"Apalagi Pak, Bapak nggak usah ngurusi itu lagi, bapak istirahat saja!" tukas istriku.
Istriku sebenarnya enggan mengiyakan permintaanku, tetapi ia cukup memahami keinginanku. Ia menerima amplop putih itu, sebagaimana amplop-amplop yang pernah aku titipkan padanya jika aku tidak bisa mengantarnya.
"Bapak harus segera sembuh dan bisa menjelaskan semua ini ke warga. Semua orang membicarakan Bapak. Mereka bilang, sakitnya Bapak karena sering berkunjung ke komplek itu!"
"Sabar Bu, mereka seperti itu karena mereka nggak tau" jawabku pelan.
Istriku hanya bisa diam sambil sesekali memijit kakiku. Aku sudah menceritakan semua padanya. Termasuk membantu mewujudkan niat baik Bu Desi yang ingin mentas dari kubangan hitam. Ia ingin menjadi orang baik-baik.
Selama di rumah sakit, akupun mendengar kabar bahwa jabatanku sebagai pamong desa akan dilengserkan. Semua warga sudah bersepakat merencanakan mencoret namaku dari daftar pamong desa. Mereka menganggap aku sebagai pamong desa yang tidak bisa menjadi teladan. Sering keluar masuk komplek pelacuran. Sebagian warga desa bahkan sudah menyiarkan, kalau aku sudah terkena penyakit kelamin. Penyakit yang menjadi aib bahkan orang lain enggan menjenguk.

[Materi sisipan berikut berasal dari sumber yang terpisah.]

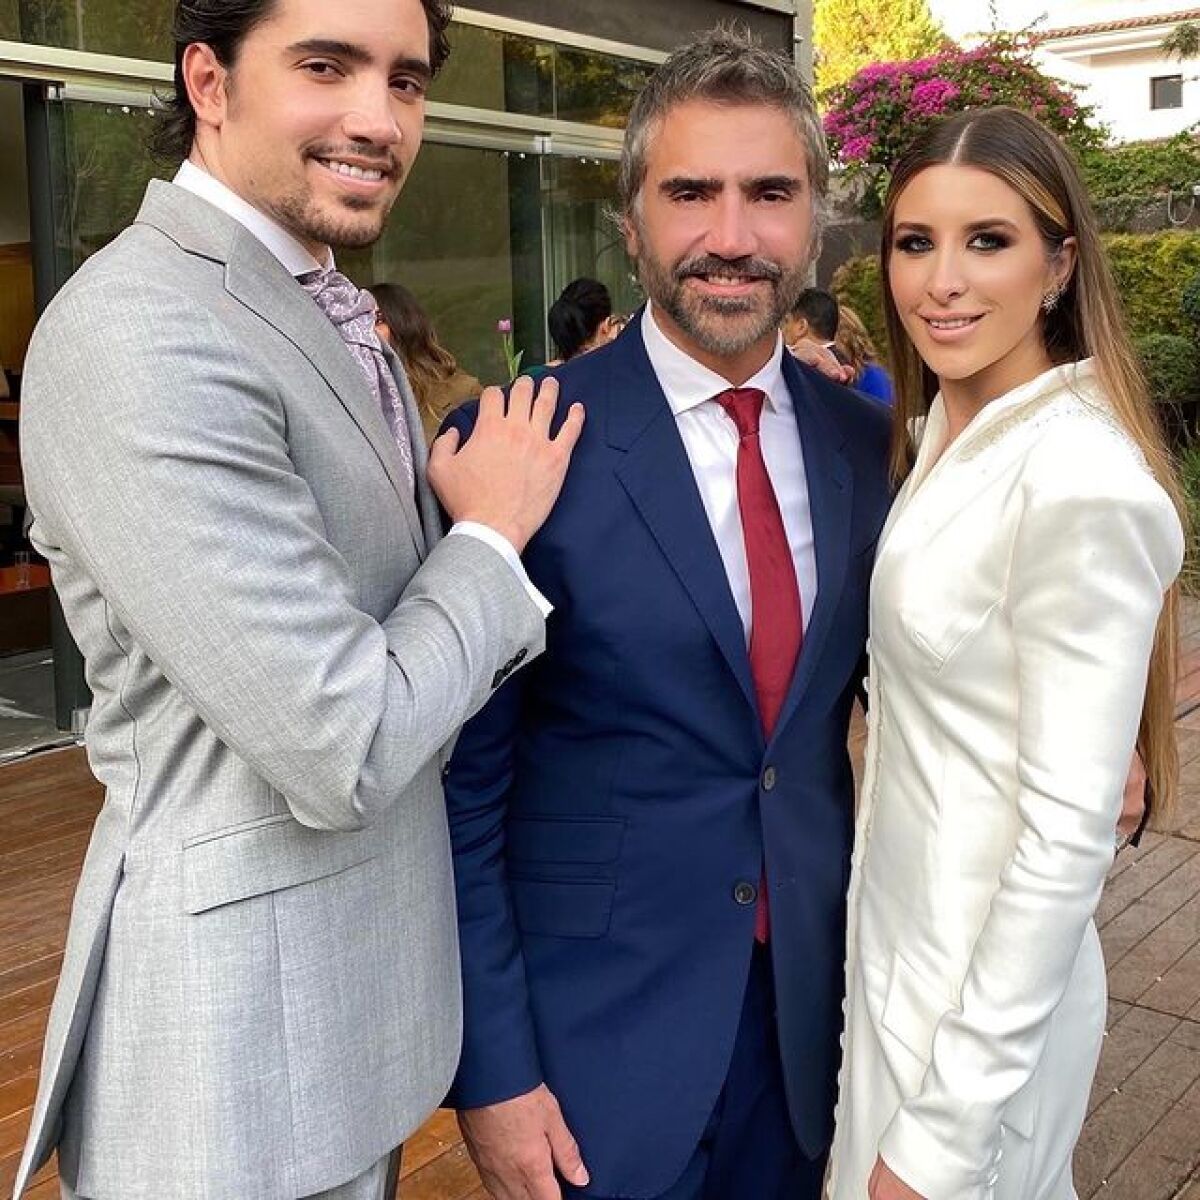 El día del matrimonio de Álex y Alexia, su padre compartió con ellos y les deseó lo mejor en esta nueva etapa de sus vidas.
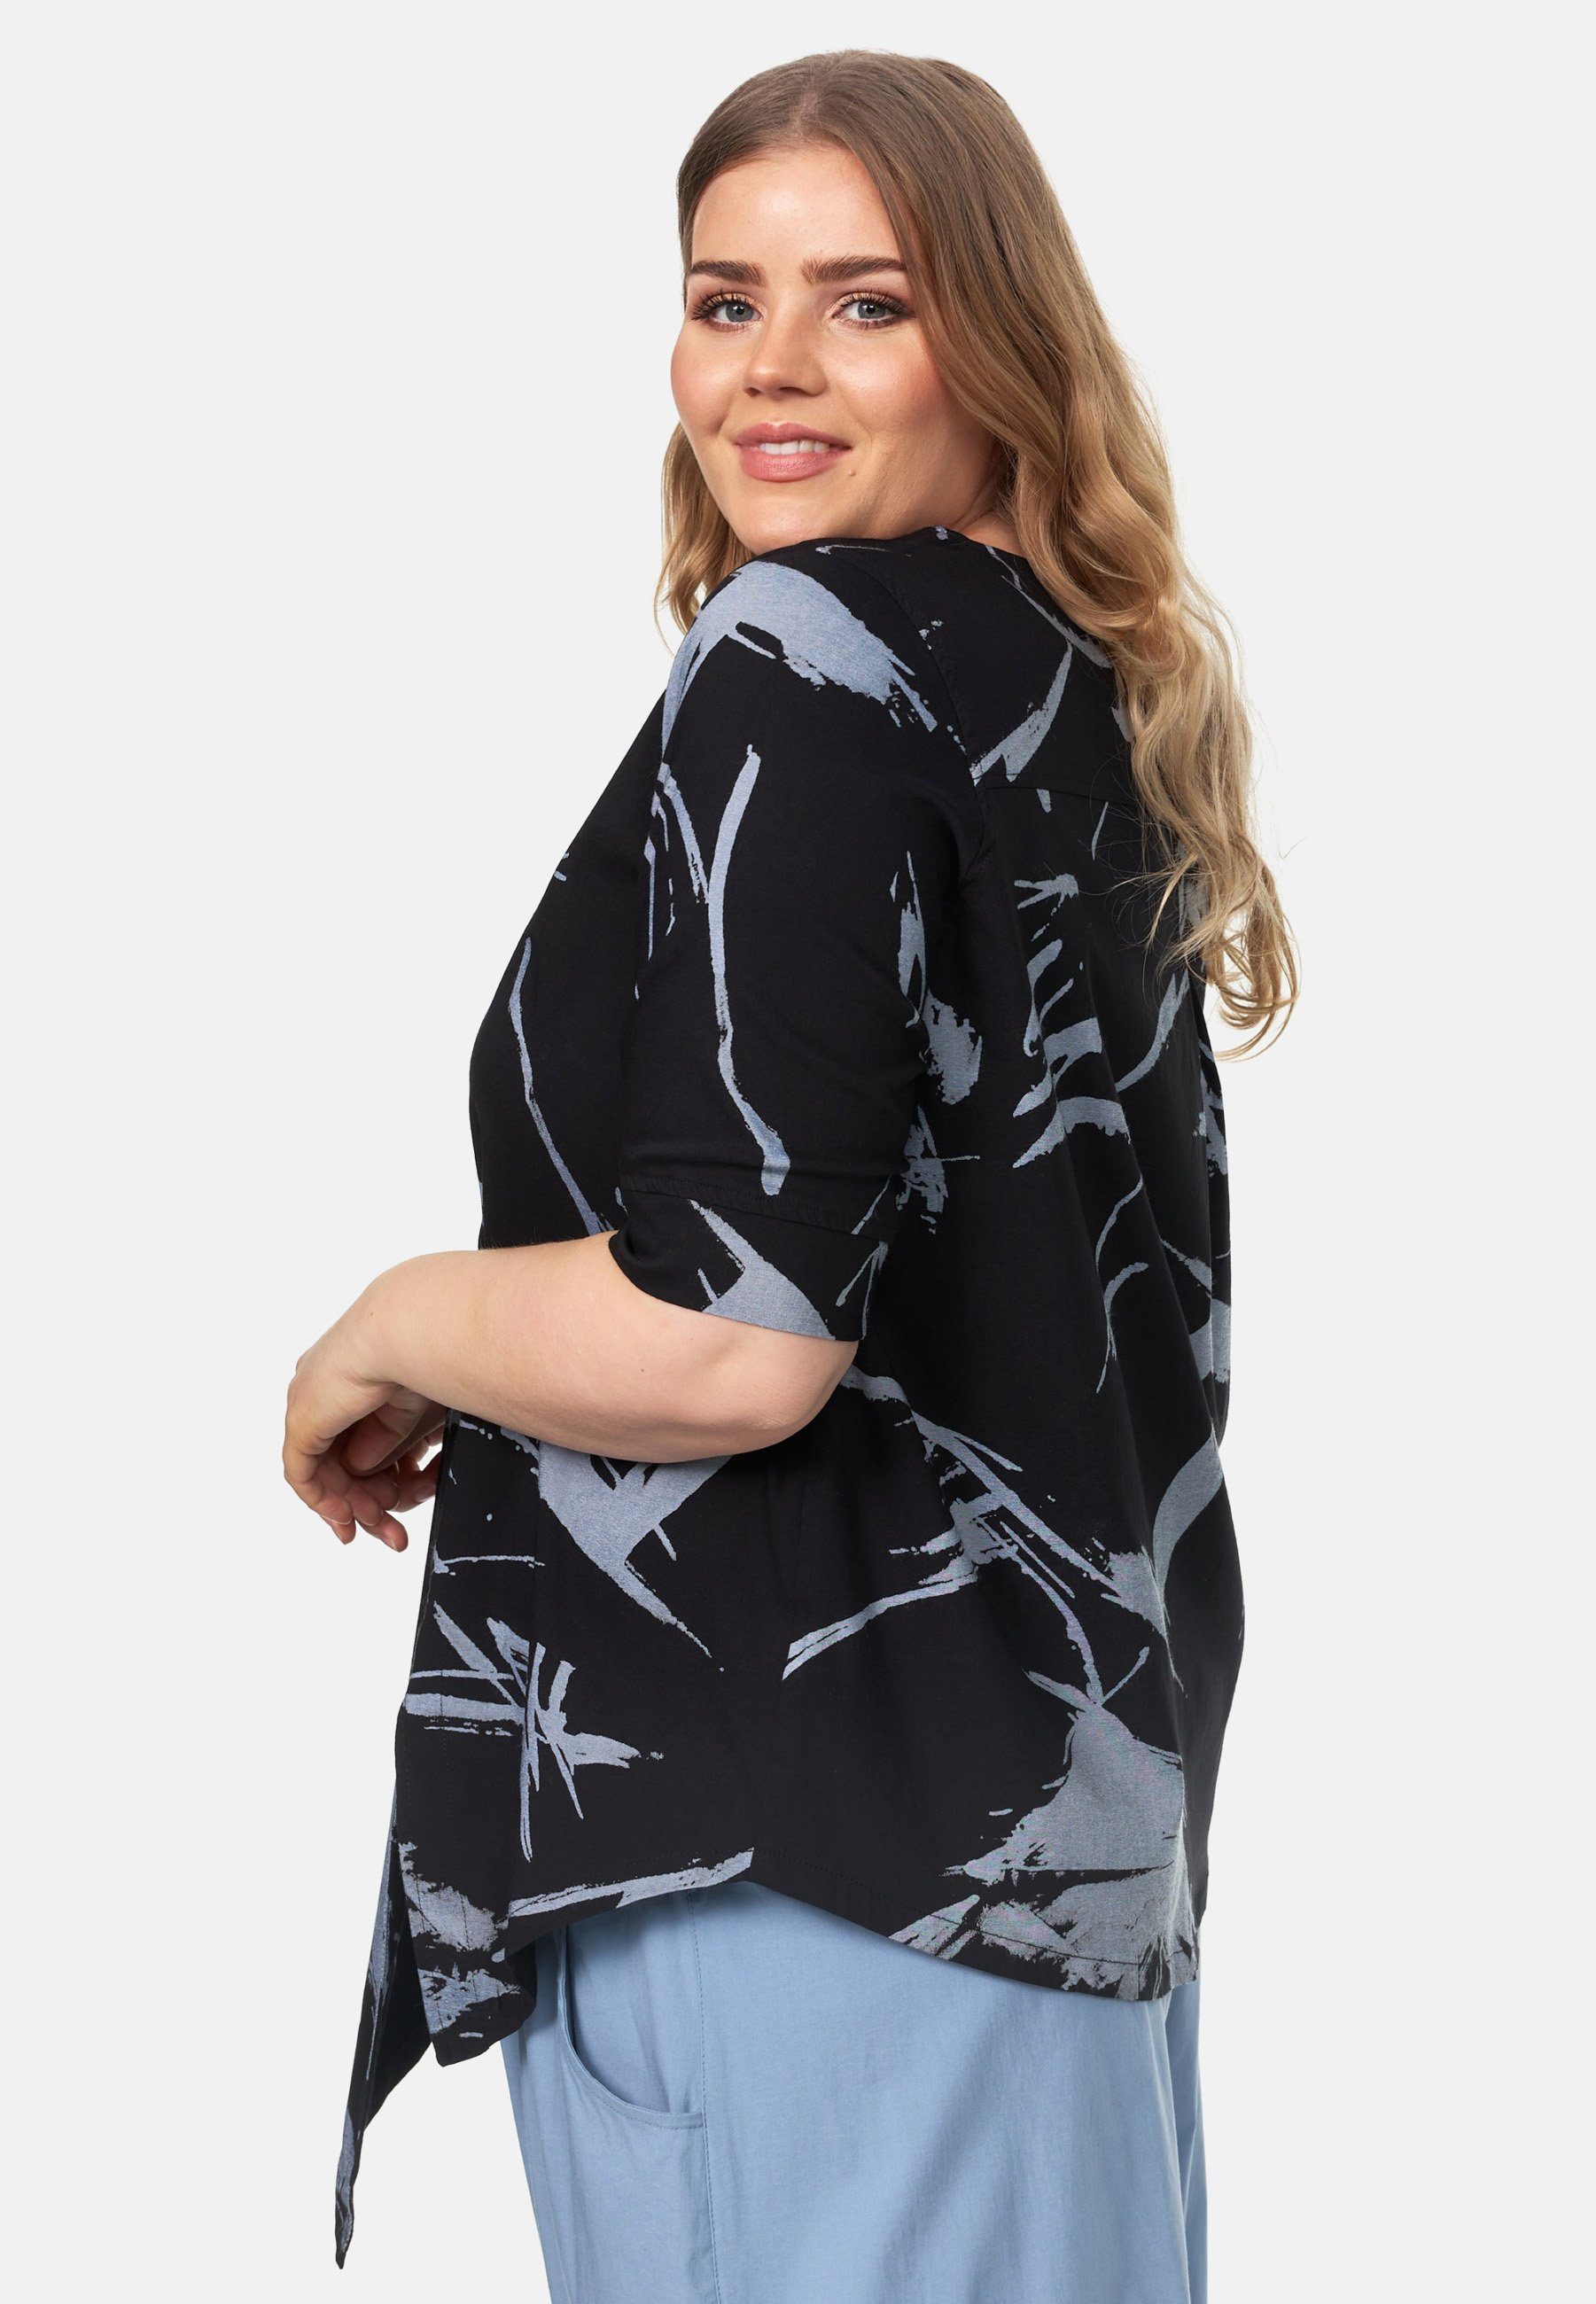 Schwarz mit Tunika in asymmetrischem Muster Kekoo 'Flora' Tunikashirt Saum A-Line Shirt

Jika mendengar hal itu, istriku hanya bisa menangis. Ia tidak mampu menahan kerasnya omongan orang di luar sana. Ia tidak mampu menatap setiap wajah yang ia temui. Terlalu berat baginya menahan badai sedangkan baginya hanyalah sebuah perahu kecil. Ia sangat percaya padaku. Aku sering menghiburnya dengan mengatakan padanya bahwa suatu hari nanti mereka akan tau jawabanya. Mereka hanya bisa menduga-duga, tidak pernah tau sebenarnya. Bahkan mereka tidak pernah bertanya langsung, apa yang aku lakukan di komplek sana. Mereka hanya melihat yang tampak, tidak pernah mau melihat apa yang tersembunyi.
***
Awan hitam menggantung di langit Desa Seger Arum. Bulir-bulir embun pagi menetes dari ujung daun kamboja. Di ujung speaker musholla, terdengar kabar duka. Telah berpulang ke rahmatullah dengan tenang Bapak Kasturi, pada hari ini Jum'at, jam 05.00 pagi. Suasana duka menyelimuti rumah Kamituwo Kasturi. Keluarga Kamituwo Kasturi dirundung duka.
Satu persatu pelayat mulai berdatangan. Tumpah ruah hingga ke jalan-jalan. Aku tidak membayangkan akan sebanyak ini pelayatnya, melebihi seorang kyai yang meninggal. Bahkan sebagian pelayat ini, aku tidak mengenalnya. Entah dari mana.
Sebenarnya aku tidak ingin datang ke rumah duka ini. Aku sudah terlanjur malu dengan sebutan Mami Desi. Mereka masih menganggapku sebagai germo. Seorang mami-mami yang menampung para perempuan malam. Seorang wanita yang dianggap memiliki hubungan gelap dengan Kamituwo Kasturi. Walaupun kini aku sudah meninggalkan pekerjaan itu.